Il est délicieusement ennuyeux – l’un des rares spécialistes de milieu de gamme du jeu, quelqu’un qui excelle dans les fautes, n’est pas du genre à me regarder et donne certaines des réponses les plus réfléchies de tous les joueurs de la ligue. Les émotions ne valent pas son temps ; rester calme est toujours son geste préféré.
« Cela me donne simplement la meilleure chance de prendre la bonne décision lors du prochain jeu, ce qui est le plus important », a déclaré Gilgeous-Alexander. « J’ai remarqué tout au long de ma carrière et à travers mes expériences personnelles que les émotions ne font qu’empêcher une pensée critique et intelligente, en particulier dans les moments où je veux le plus faire le travail. J’essaie de mettre mes émotions de côté et de rester enfermé sur ce qui est présent et ce qui compte le plus. »
Jokic ne remportant pas le prix poursuit une tendance étrange : ceux qui font en moyenne un triple-double, souvent considéré comme le Saint Graal de l’accomplissement dans le jeu, ne remportent presque jamais le titre de MVP.

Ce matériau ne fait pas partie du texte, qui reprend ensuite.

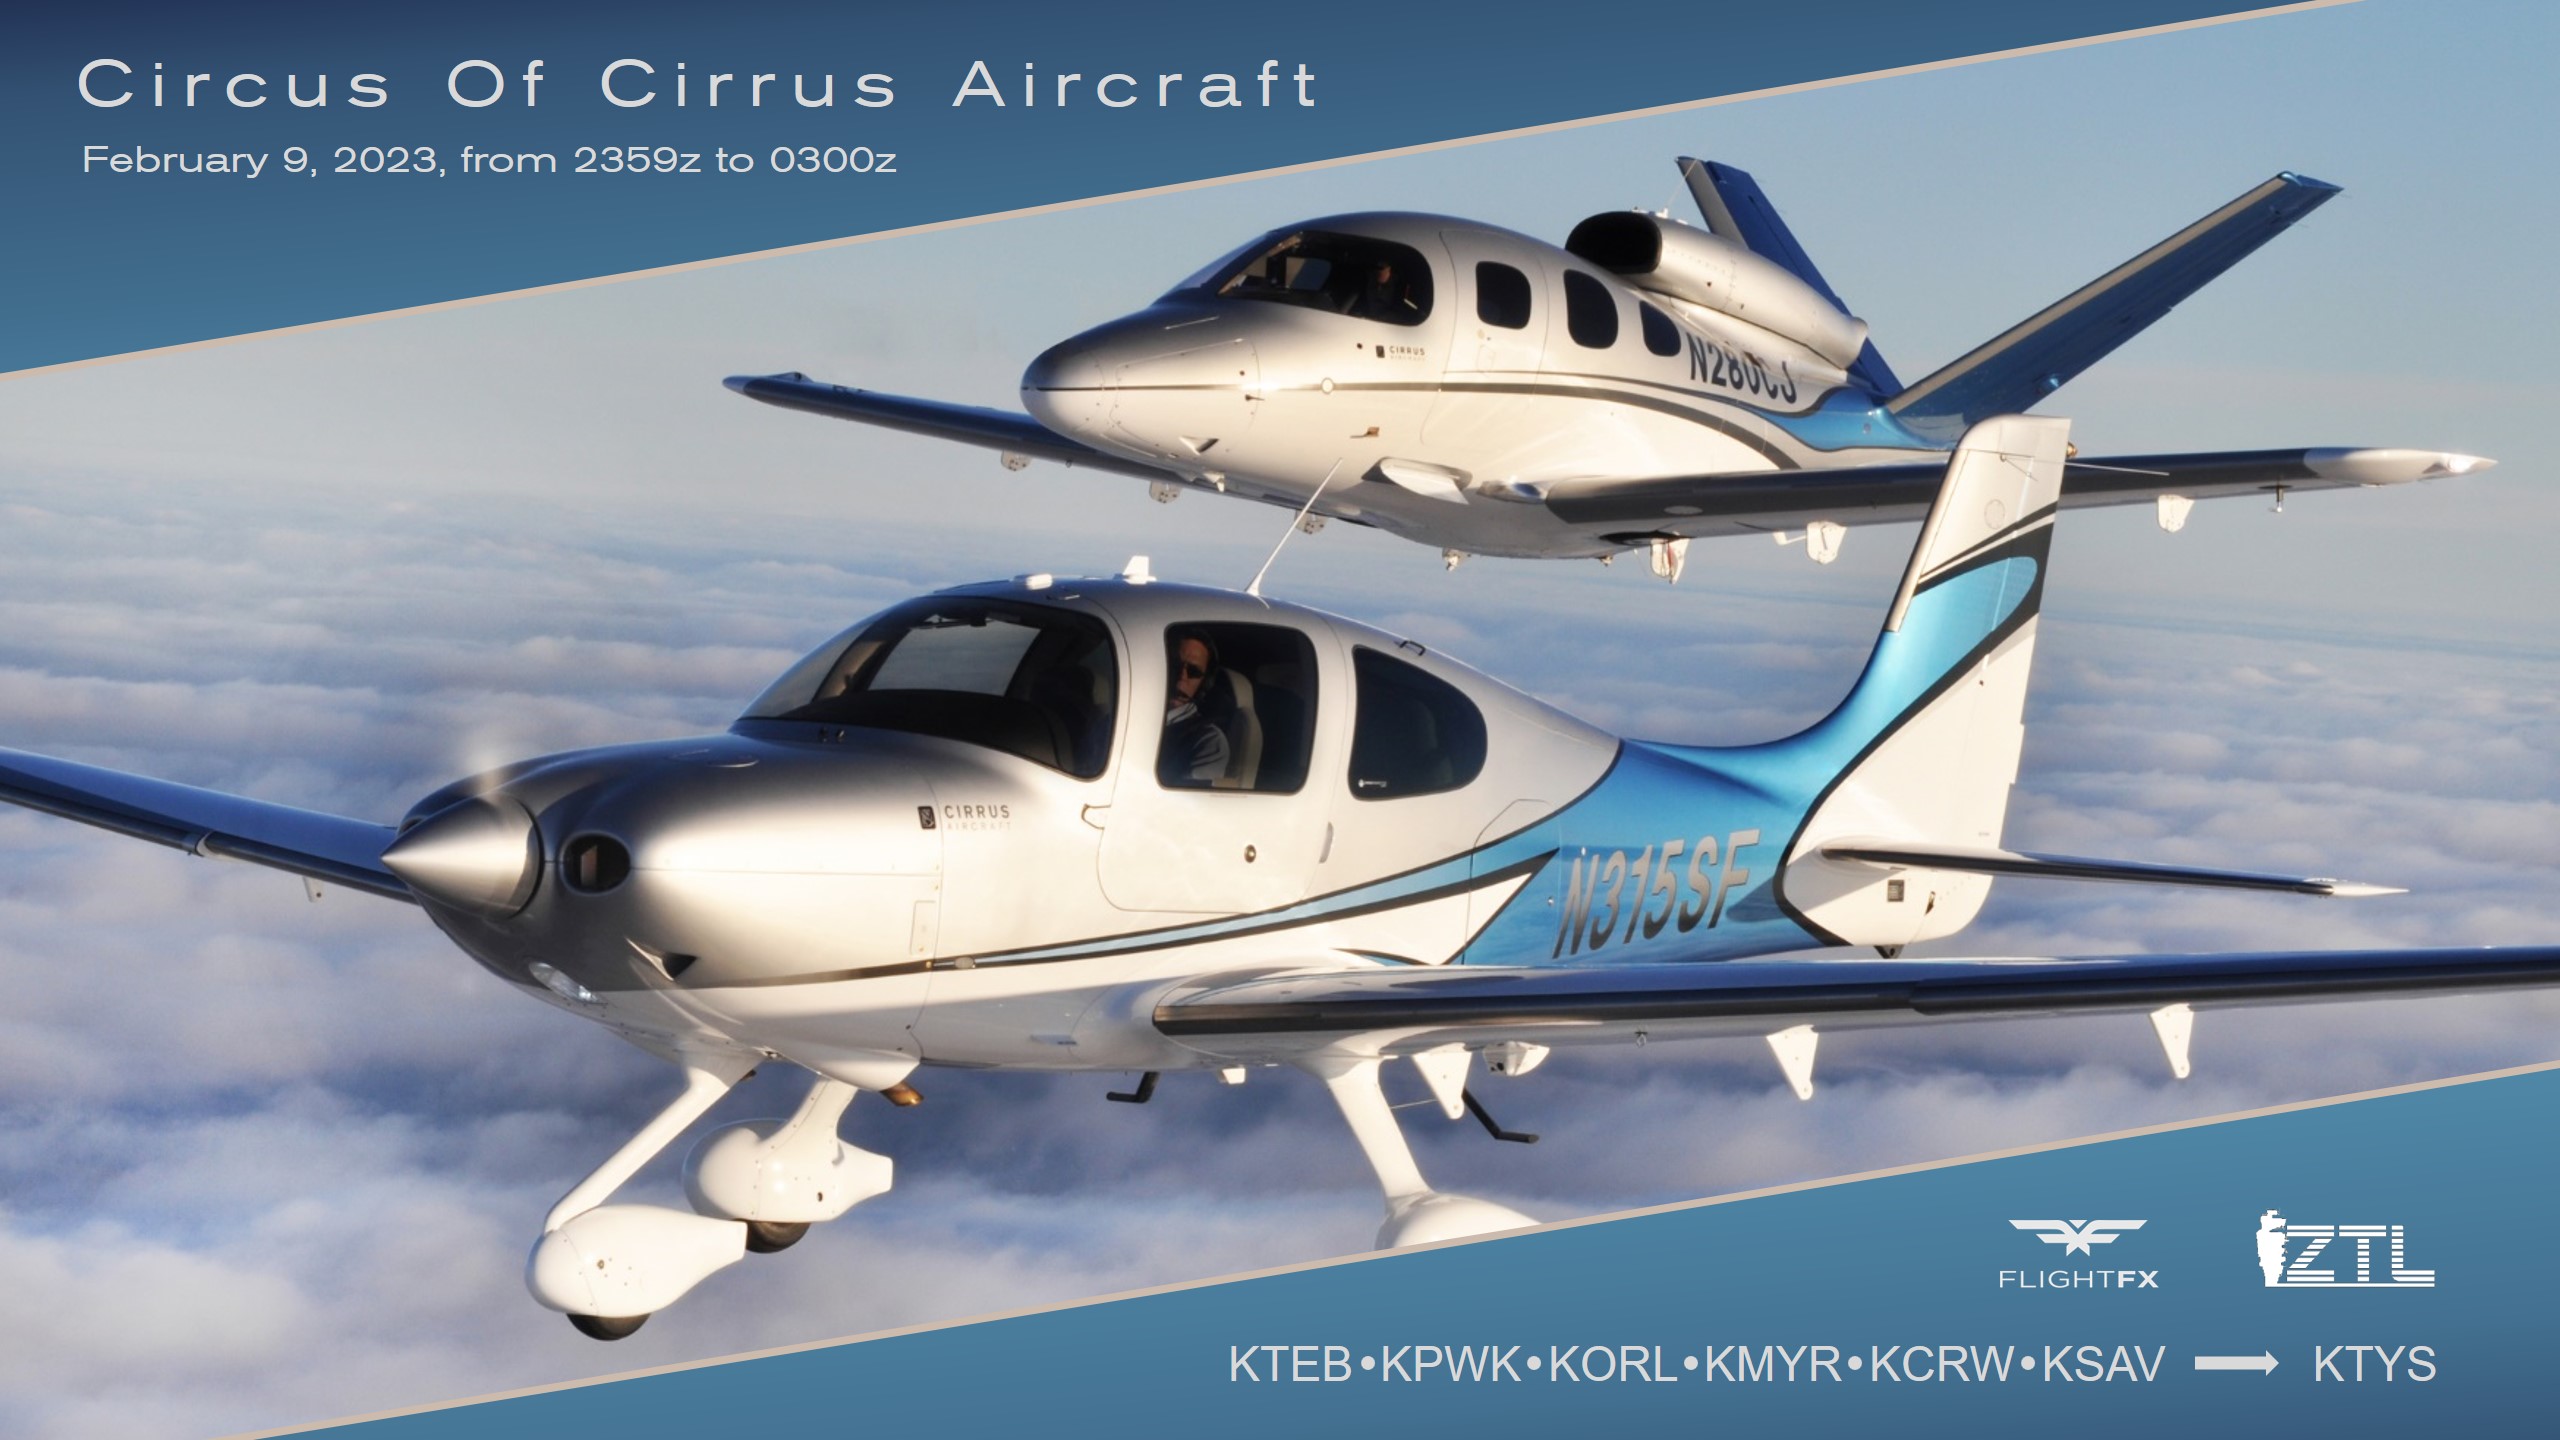 A Circus of Cirrus Aircraft

Jokic a eu le septième exemple d’un joueur terminant une saison avec une moyenne d’un triple-double – au moins 10 points, 10 passes décisives et 10 rebonds par match – en inscrivant 27,7 points, un record de 12,9 rebonds et un record de 10,7 passes décisives par match.
Ce n’était pas assez bon pour MVP. Russell Westbrook a réalisé en moyenne un triple-double quatre fois et n’a remporté le titre de MVP qu’une seule fois au cours de ces années. Oscar Robertson a réalisé en moyenne un triple-double en 1961-62 ; il n’a pas remporté le titre de MVP cette saison-là. Et maintenant, Jokic l’a fait deux fois – sans aucun MVP à montrer, bien qu’il ait remporté le prix à trois autres occasions.
Stephen Curry, de Golden State, a été le dernier joueur né aux États-Unis à figurer parmi les trois premiers du scrutin MVP ; il était troisième en 2021 derrière Jokic et Embiid. Le dernier lauréat américain du prix était James Harden, alors de Houston, en 2018. Depuis, Harden a joué pour quatre franchises différentes.